We awarded these creator seals. We got them involved within the conversation. We pushed out our own content on other “Verified” hacks of what we have already tested that the product may very well be used for.
It showcased a special personality of Vaseline as a brand. It allowed those creators into the conversation to co-create the brand. And there have been real, quantifiable results tied to it: we had a 43% uplift in our sales, over 136 million views and large positive sentiment of 87% with consumers.
As social-first investment increases, how are you measuring the channel?
We have a system in place where we track metrics like buzz, sentiment, shares and online discoverability. We track that on a quarterly basis. How will we move the needle on those metrics as we design campaigns? There’s loads of internal discussion on the best way to make the campaign stronger.
We’ve surrounded ourselves with really strong agency partners which might be super creative and take into consideration that unlock. You get the amazing brain power of all these folks that are it from different angles … to actually aid you mold and shape the campaign with loads of great, creative minds all coming along with the identical common, aligned goal.
How does Vaseline’s “White Lotus” partnership fit into the image?
Entertainment property or brand collaborations are all about intentionality. How do you discover ways to raise your brand values and what the brand stands for — the personality, the tonality you desire to bring forward with things which might be super culturally relevant — that you realize will get loads of buzz, but have a method to bring your product in to construct relevancy with consumers in an interesting way?
“White Lotus” was led out of Southeast Asia markets with Gluta-Hya. They got loads of amazing traction out of it based on where “White Lotus” was filmed; it was really relevant to bring that product forward there.
Collabs are something that we’re very seriously and continuing to take into consideration.
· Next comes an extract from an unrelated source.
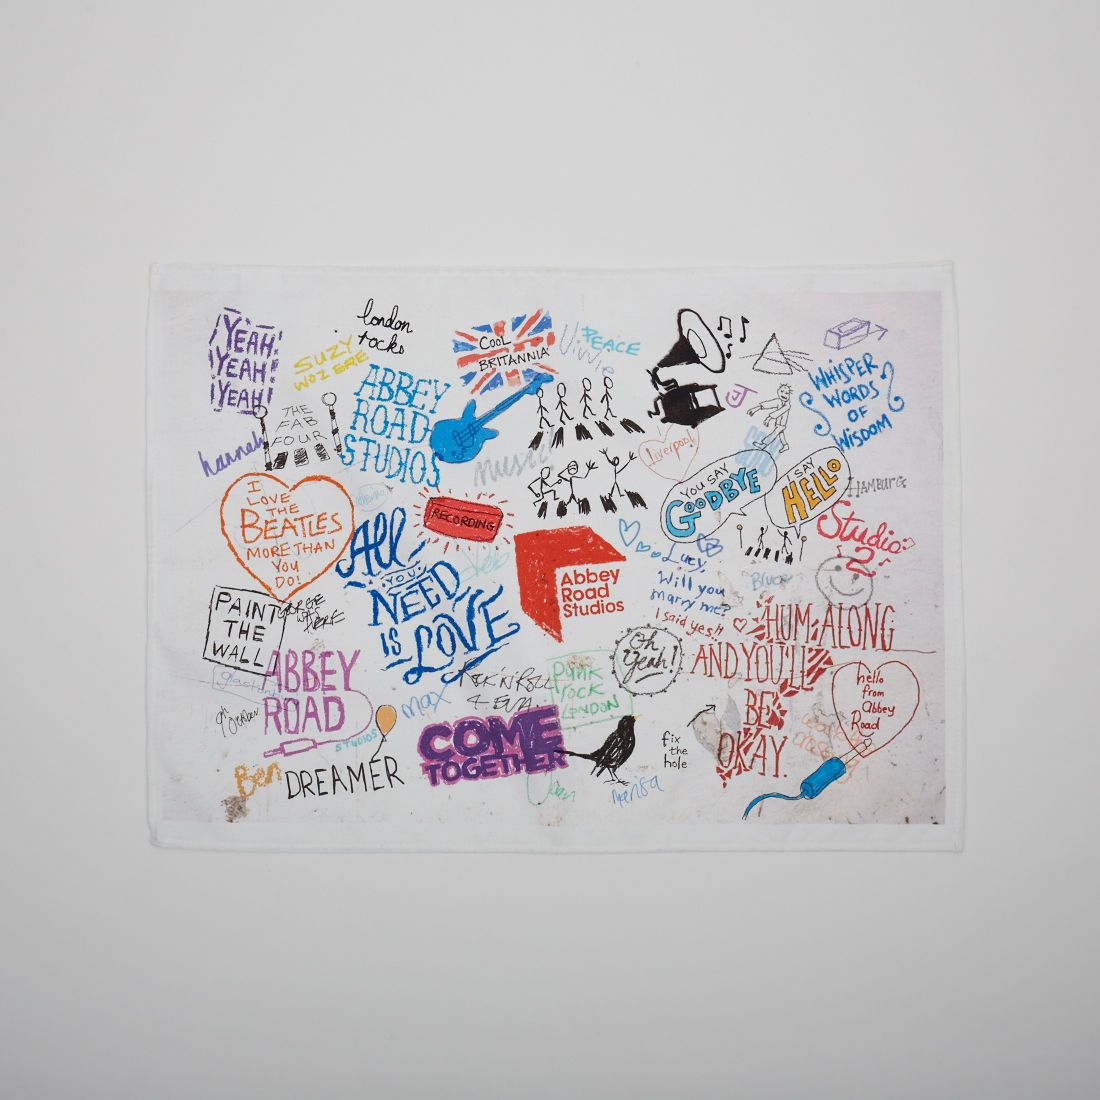 Abbey Road Studios - The Beatles Graffiti Tea Towel

Who are the interesting and unexpected partners that our community really connects with, and the way will we find those partnerships to raise the brand conversation in an interesting way? We don’t need to do too many, because there’s the priority of fatigue. But in the event you do the best partnerships at the best time, it could possibly really generate loads of value for the brand and potentially herald latest consumers that may not have considered you before.
How do you see AI changing your job as a marketer?
I feel of AI as this amazing thought partner and co-pilot, but the basics of what we have learned [about] growing brands through the years, that does not go away. How do you utilize AI to assist complement workflows of things like content creation to raise your work and supply a special perspective, but to not necessarily take over what you are doing?
We’re definitely using [AI] in places, on a few of our content supply chain, but I’m also intentional about where the AI-driven content shows up with a brand like Vaseline that has such deep trust and heritage available in the market.
It’s exciting to take into consideration how much capability goes to be freed up through using AI tools and workflows, and the way that creates more room and time so that you can be creative and strategic and to think more expansively concerning the brand.
Some of the low-value-added activities my team and I are spending time on today, how can we automate that work after which liberate the time to only dream and take into consideration how that manifests in numerous product executions, activations and ways to attach with our community?